When a mandapam with all its parts was sold

Updated - May 27, 2022 11:00 am IST

Published - May 25, 2022 09:19 pm IST

The pillared temple hall at Philadelphia Museum of Art.

The pillared temple hall at Philadelphia Museum of Art. | Photo Credit: Philadelphia Museum of Art 

Some facts are stranger than fiction. It is hard to believe that parts of a Madurai temple mandapam could be sold to an American lady in 1912. Adeline Pepper Gibson of Philadelphia, who served as a military nurse, while travelling in India, liked the parts lying about. She purchased the pillars and stone articles of the Madanagopalaswamy temple and shipped them to the U.S.

Unfortunately she died, while in service, at Nantes, France, on January 10, 1919. When the consignment reached the U.S., it was cleared by her relatives Mrs. J. Howard Gibson, Mrs. J. Norman Henry and Mr. Henry Gibson and presented to the Philadelphia Museum of Art in August 1919 in Adelaine’s memory.

When I was researching for my book on Madurai, I visited the Madanagopalaswamy temple. I was told by an elderly priest that there was a mandapam in front of the Andal shrine that was taken away by an American lady. Then I came to know that the components of a mandapam were indeed sold to an American lady and they were assembled and exhibited at the Philadelphia Museum of Art.
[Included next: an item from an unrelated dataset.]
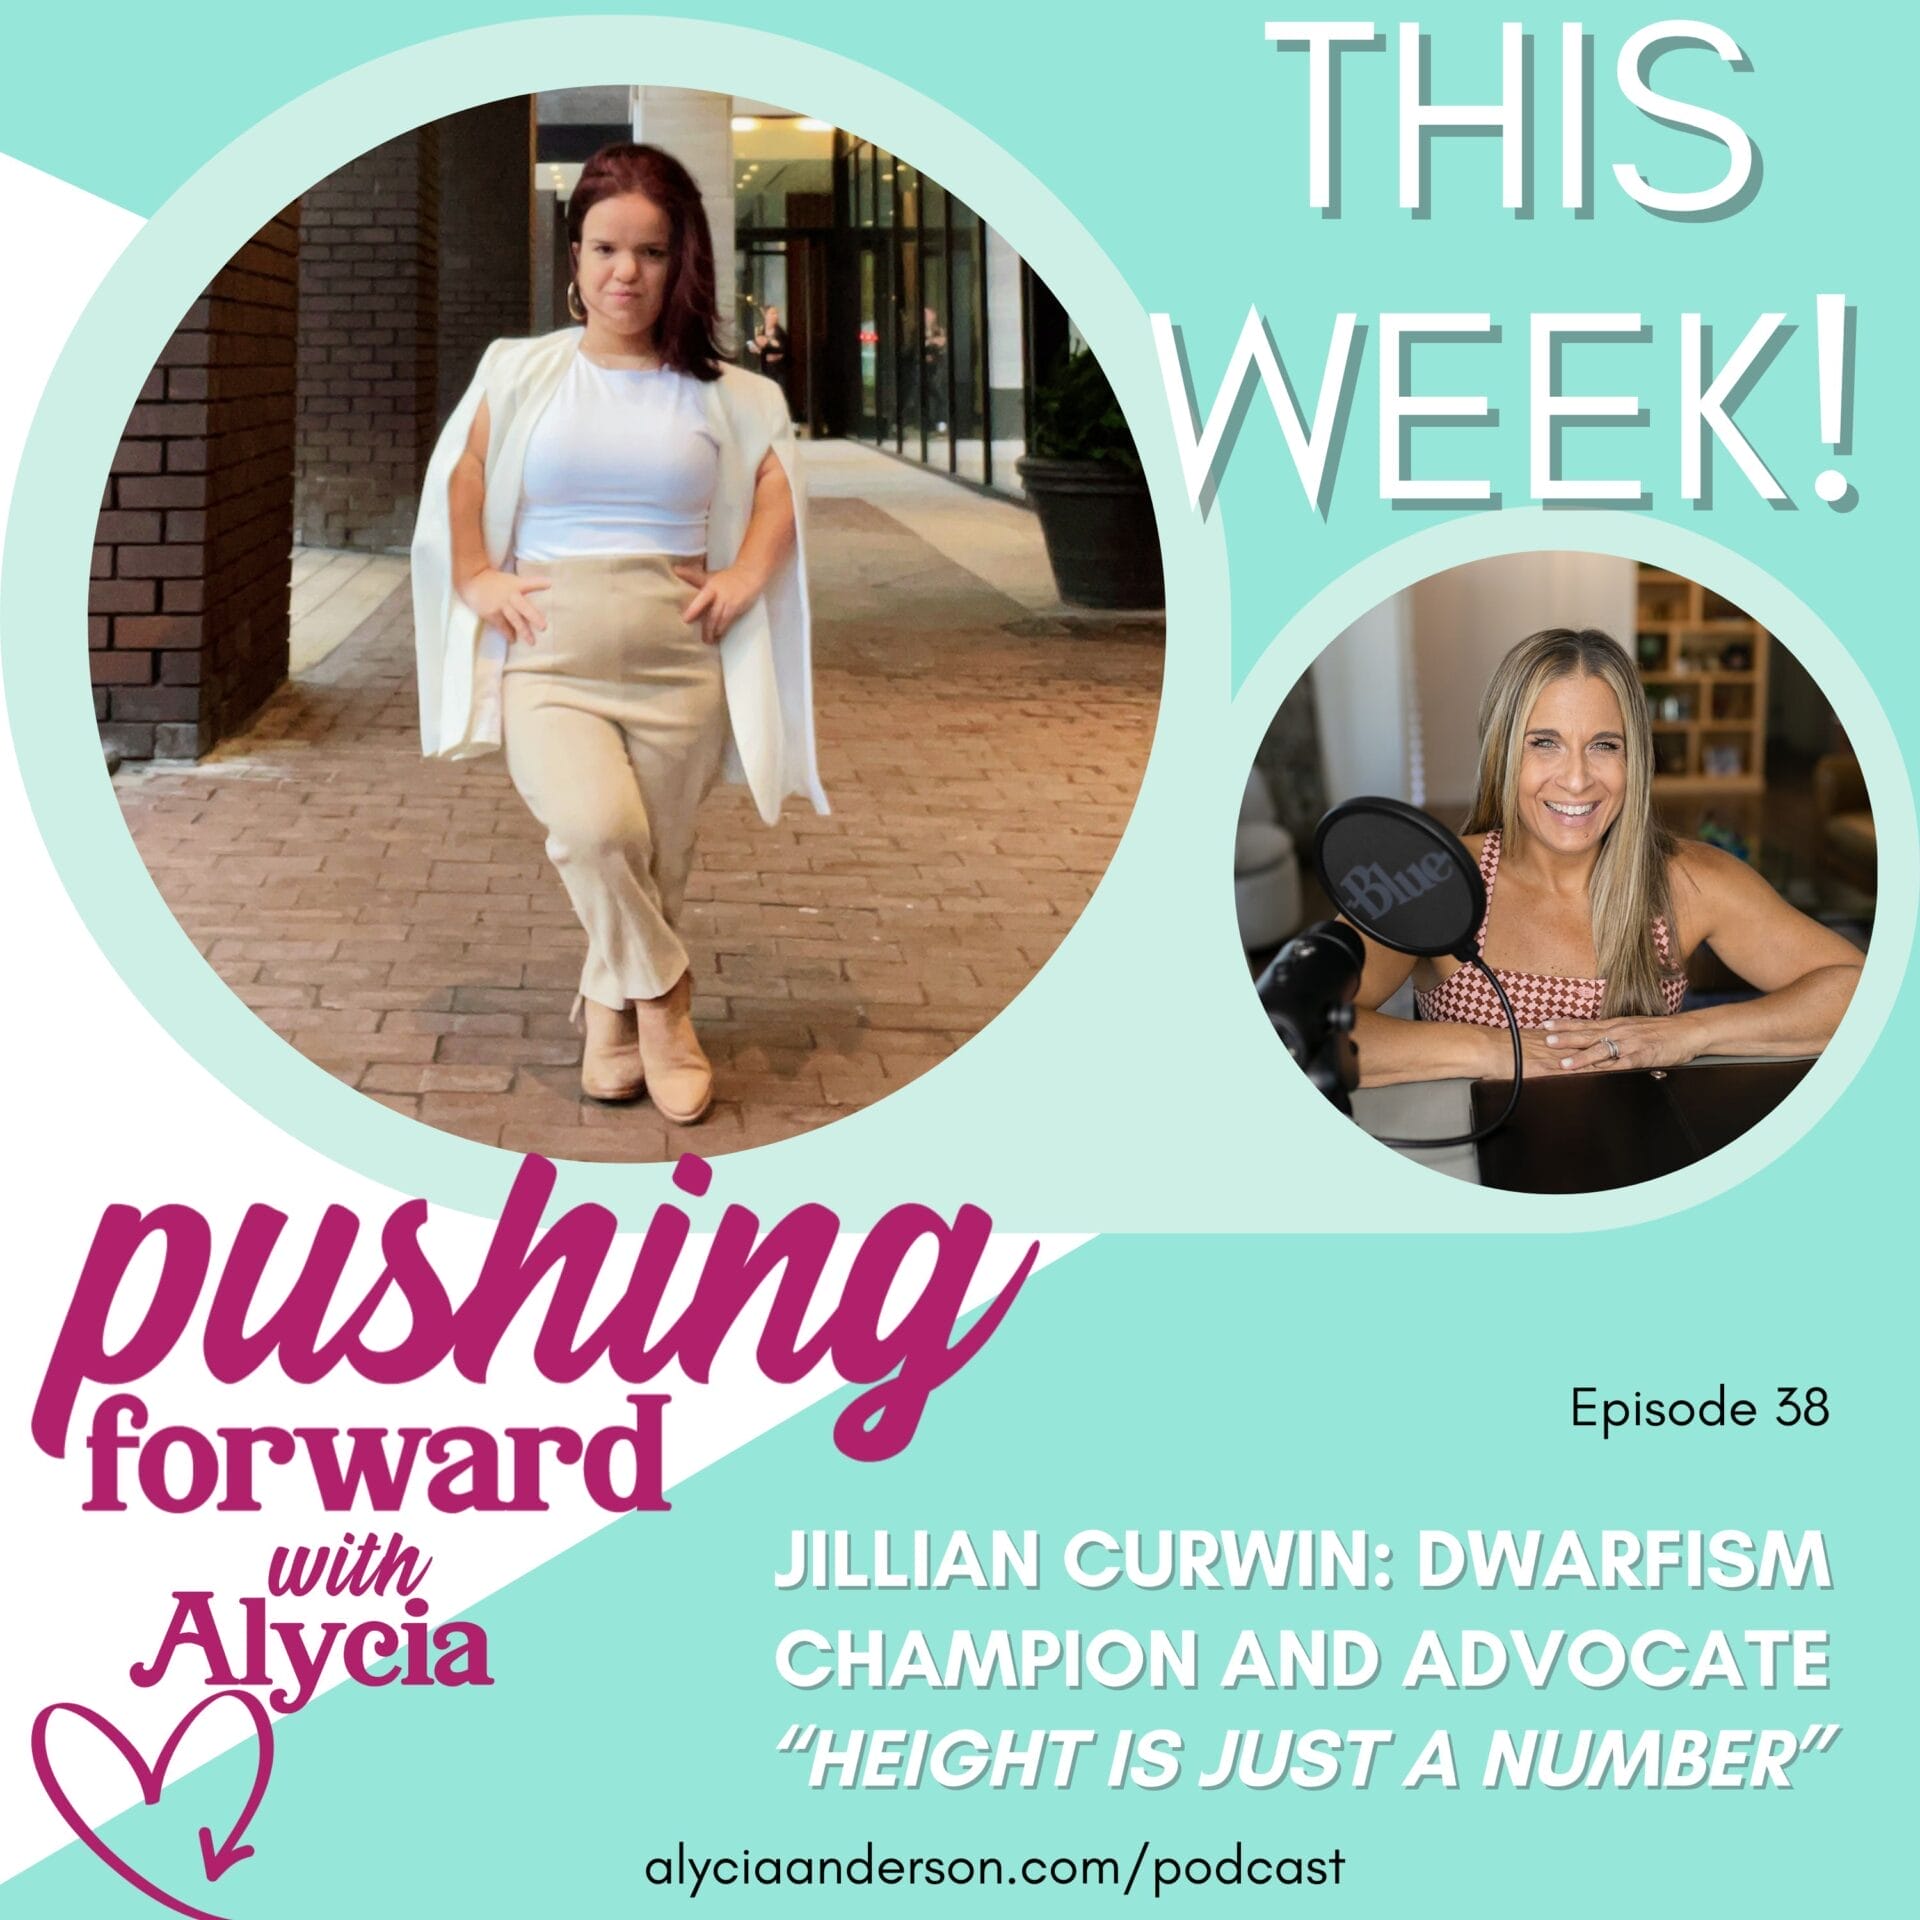 jillian curwin dwarfism champion and advocate joins us in episode thirty eight of pushing forward with alycia

I got in touch with Dr. Darielle Mason, then curator of the museum, who gave me the details and sent some pictures of the mandapam. I understood various details from the museum’s literature and the mails received from the museum.
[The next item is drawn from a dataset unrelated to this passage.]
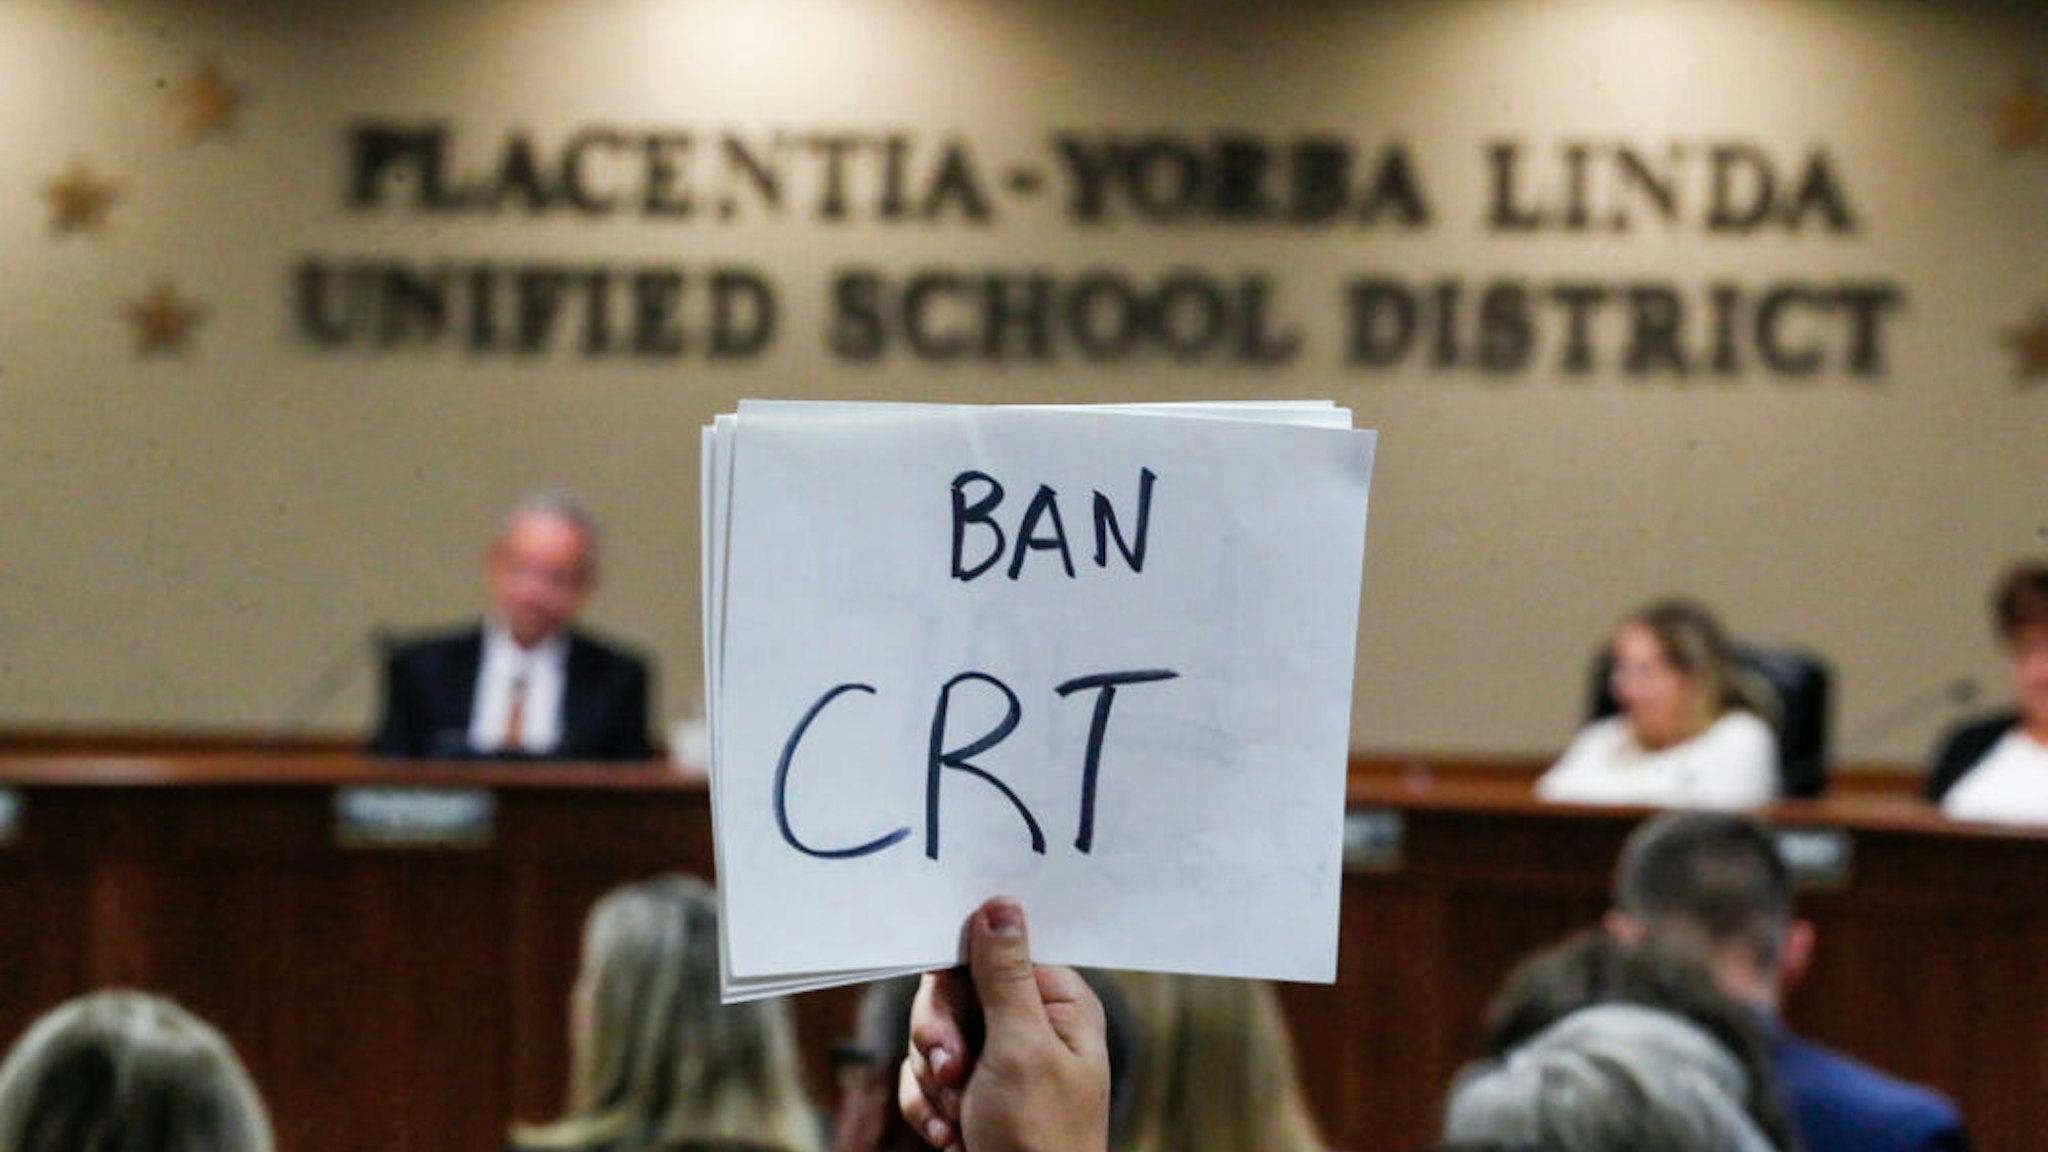 Yorba Linda, CA, Tuesday, November 16, 2021 - The Placentia Yorba Linda School Board discusses a proposed resolution to ban teaching critical race theory in schools.

To assemble the pieces in proper order, the structure had to be studied thgoroughly. When W. Norman Brown (1892-1975) was appointed the curator of the museum, who was at that time the chair of Sanskrit at the University of Pensylvania, he undertook a study by visiting Madurai towards the end of November 1934. He was assisted by the officials of Madras Government Museum.
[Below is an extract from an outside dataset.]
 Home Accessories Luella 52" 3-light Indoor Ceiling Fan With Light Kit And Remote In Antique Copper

Of the work he undertook, he wrote a monograph, A pillared hall from a temple at Madura in the Philadelphia Museum of Art (Connemara Library, Chennai, has a copy of it). He details the parts available in the museum as 16 eight-foot simple columns, 14 compound columns, 12 corbels, 12 lion capitals and 8 frieze slabs. His study was based on the findings of G.J. Dubreuil (1885 -1945). Brown feels that when purchased by Gibson, the parts were lying inside the compound of the Madanagopalaswami temple. He also quotes Ananda Coomaraswami, who appears to have visited the temple and taken some pictures. He further quotes a letter, dated January 25, 1920, from John Marshall, the then Director-General of Achaeology, that the mandapam belonged to this temple.

In the monograph, he says the temple was in existence before 1599 as found from an inscription in Tamil of that year. Another inscription is also dated to 1596. It is likely that the construction was undertaken during the 16th Century under Viswanatha Nayakar (1529-1564). He believes the mandapam could have been razed by a Mohammedan conqueror in the 16th Century. He also found some frieze slabs lying around during his visit to the temple and they were similar to the ones in the museum.

He went about finding the way the hall might have been built and after elaborate studies of other temples of the time in Madurai, including the Meenakshi Sundareswarar temple, drew a plan for erecting the hall in the museum. In the book referred, of 86 pages and in six chapters, he describes the mandapam that includes its structure and iconography with photographs.

According to the museum’s pamphlet, the hall consists of 12 monolithic composite pillars with large sculpted figures, 16 square-based pillars carved with 10 lion brackets, 10 drop brackets, two non-figural cluster pillars and eight slabs carved with scenes from the Ramayana. Between 1935 and 1940, the pillars were installed at the museum to resemble the temple’s entry hall known as the Artha Mandapam. The pamphlet states this is the only example of Indian stone architecture to be found in any American museum. “It is also the only place outside of South Asia where visitors can experience, from original pre-modern elements, the monumental synthesis of sculpture, structure, symbolism and story that make Hindu temple architecture one of the world’s greatest artistic legacies.”

For the creation of an Asian art section in the museum, credit goes to Dr. Stella Kramrisch (1896-1993), the first to join the museum and assume the curatorial position. It was because of her that the museum has a separate section on Asian art. She lived and taught in India and has to her credit many scholarly writings about Indian art. She taught at Shanti Niketan and was honoured with the Desikottama in 1974 and the Government of India conferred the Padmabhushan upon her in 1982. 

In Madurai, it is a temple where even today youngsters learning music are initiated as the ruling deity Madanagopalaswamy is the image of Krishna playing the flute.

(The writer is a history enthusiast).